Activity: The listing below should be reproduced exactly, with the pictures omitted.

Given material:
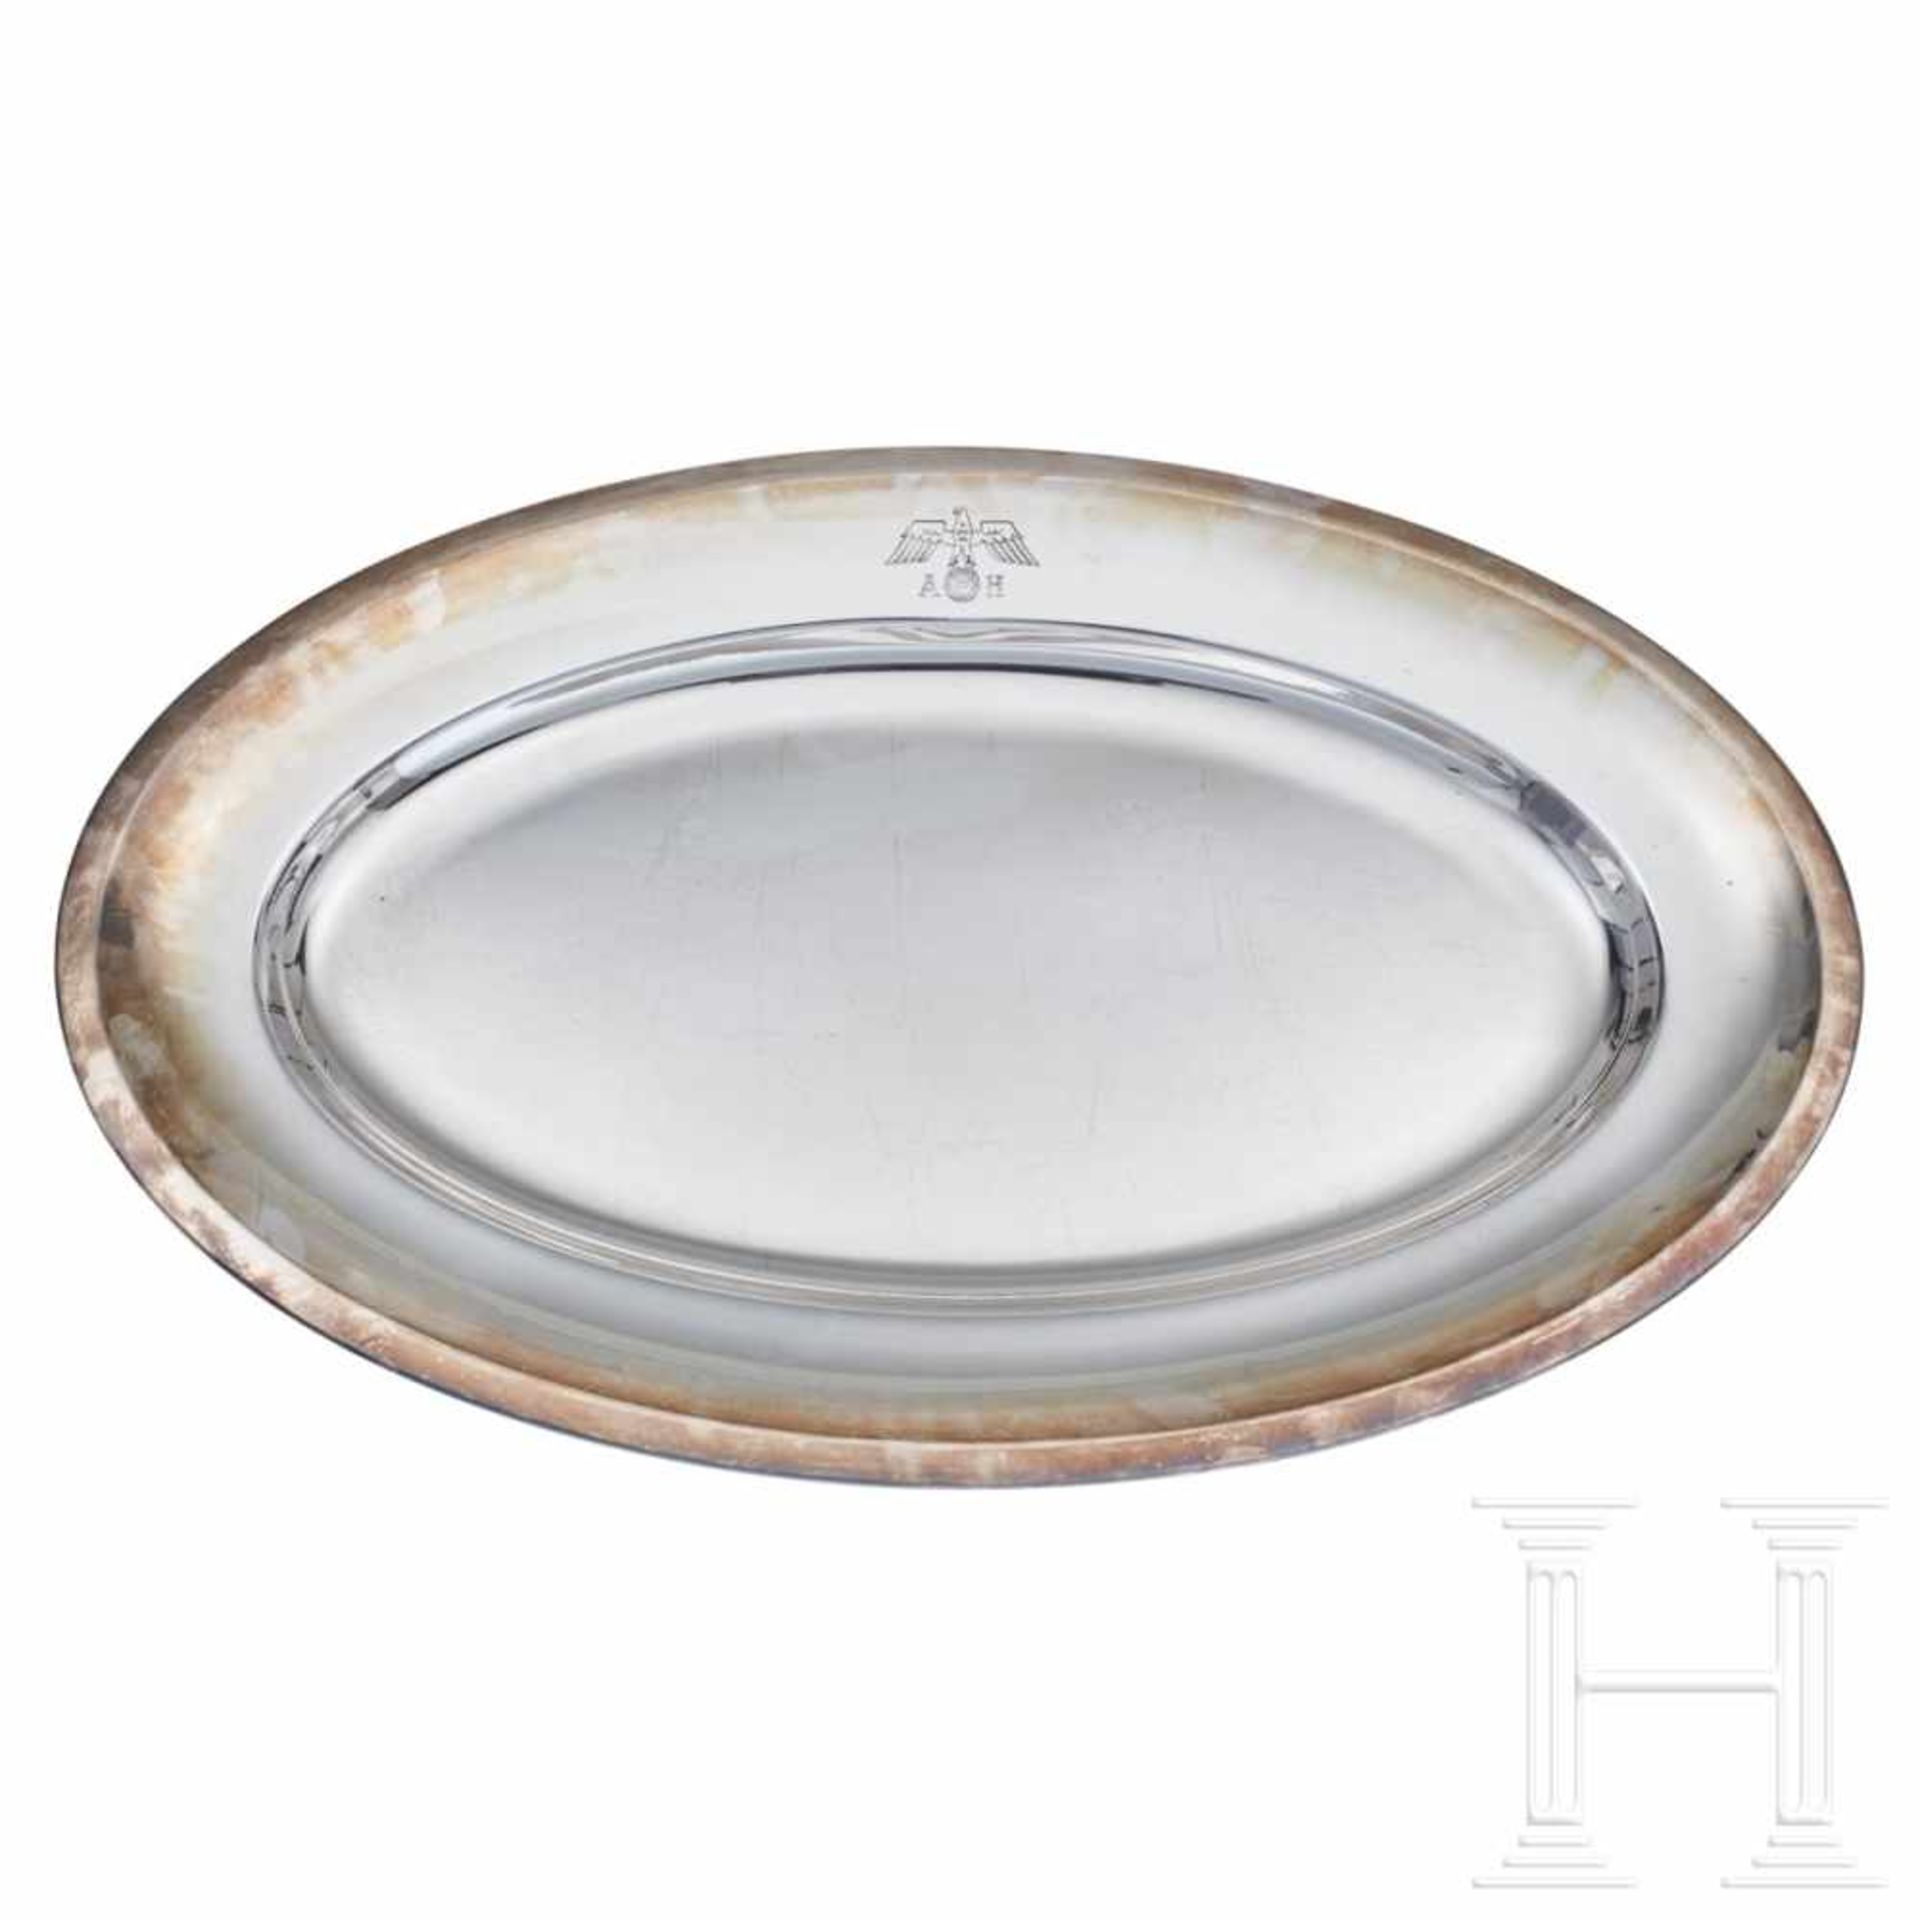 Adolf Hitler – a Large Oval Serving Tray from his Personal Silver Servicelarge, oval tray with
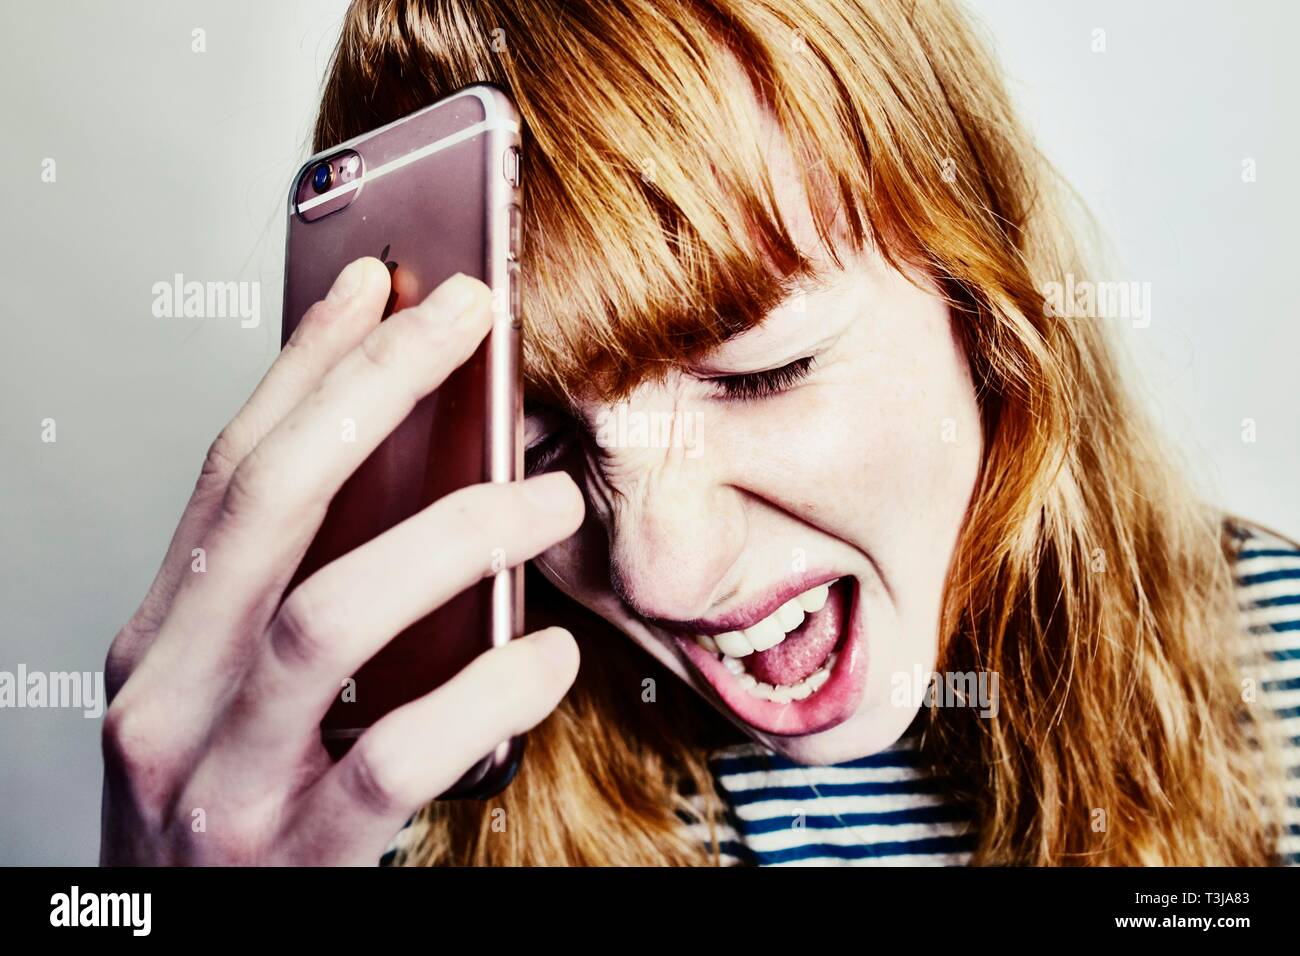 Girl, teenager, red-haired, holding her head in despair screaming smartphone, studio shot, Germany Stock Photo
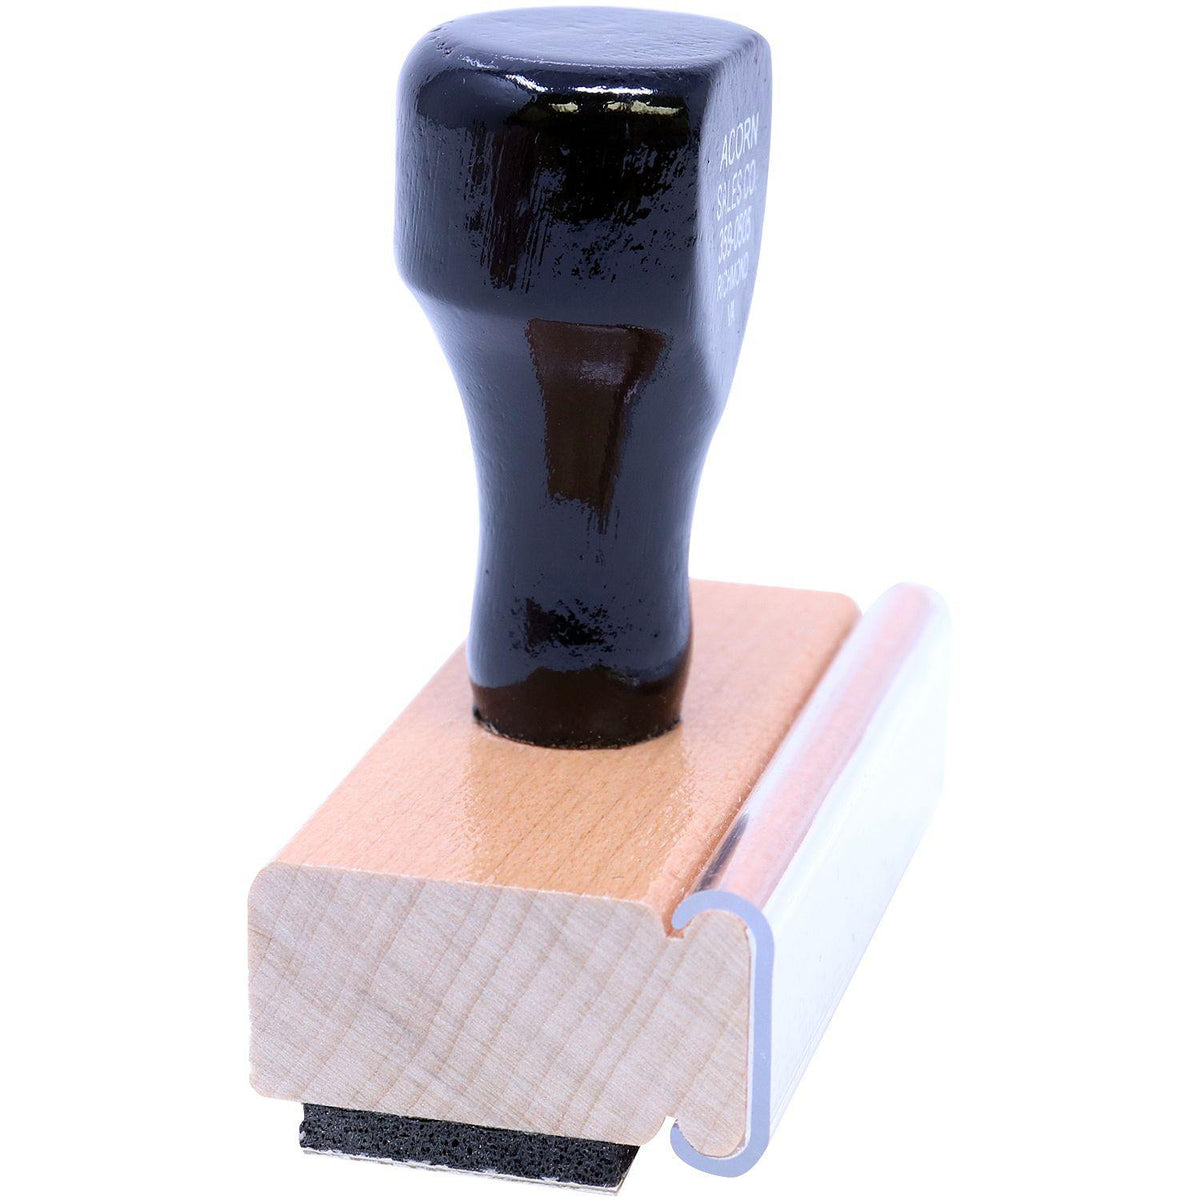 Side View of Large Retained Rubber Stamp at an Angle
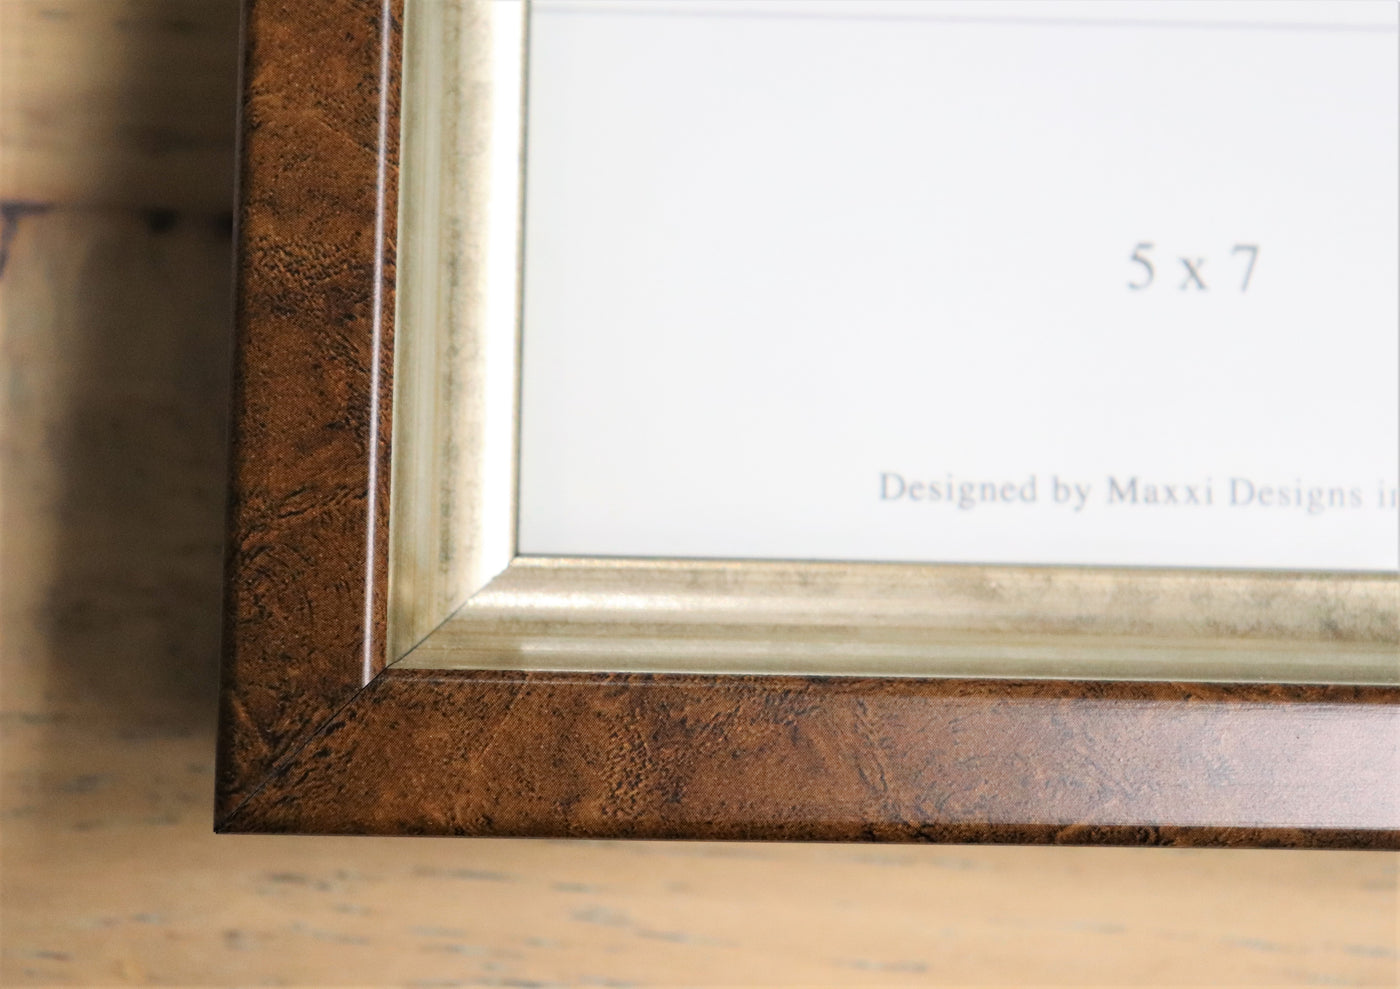 5" x 7" Wood/Silver Photo Frame by Maxxi

Response to this exercise:
 Adolf Hitler – a Large Oval Serving Tray from his Personal Silver Servicelarge, oval tray with
 Girl, teenager, red-haired, holding her head in despair screaming smartphone, studio shot, Germany Stock Photo
 Side View of Large Retained Rubber Stamp at an Angle
 5" x 7" Wood/Silver Photo Frame by Maxxi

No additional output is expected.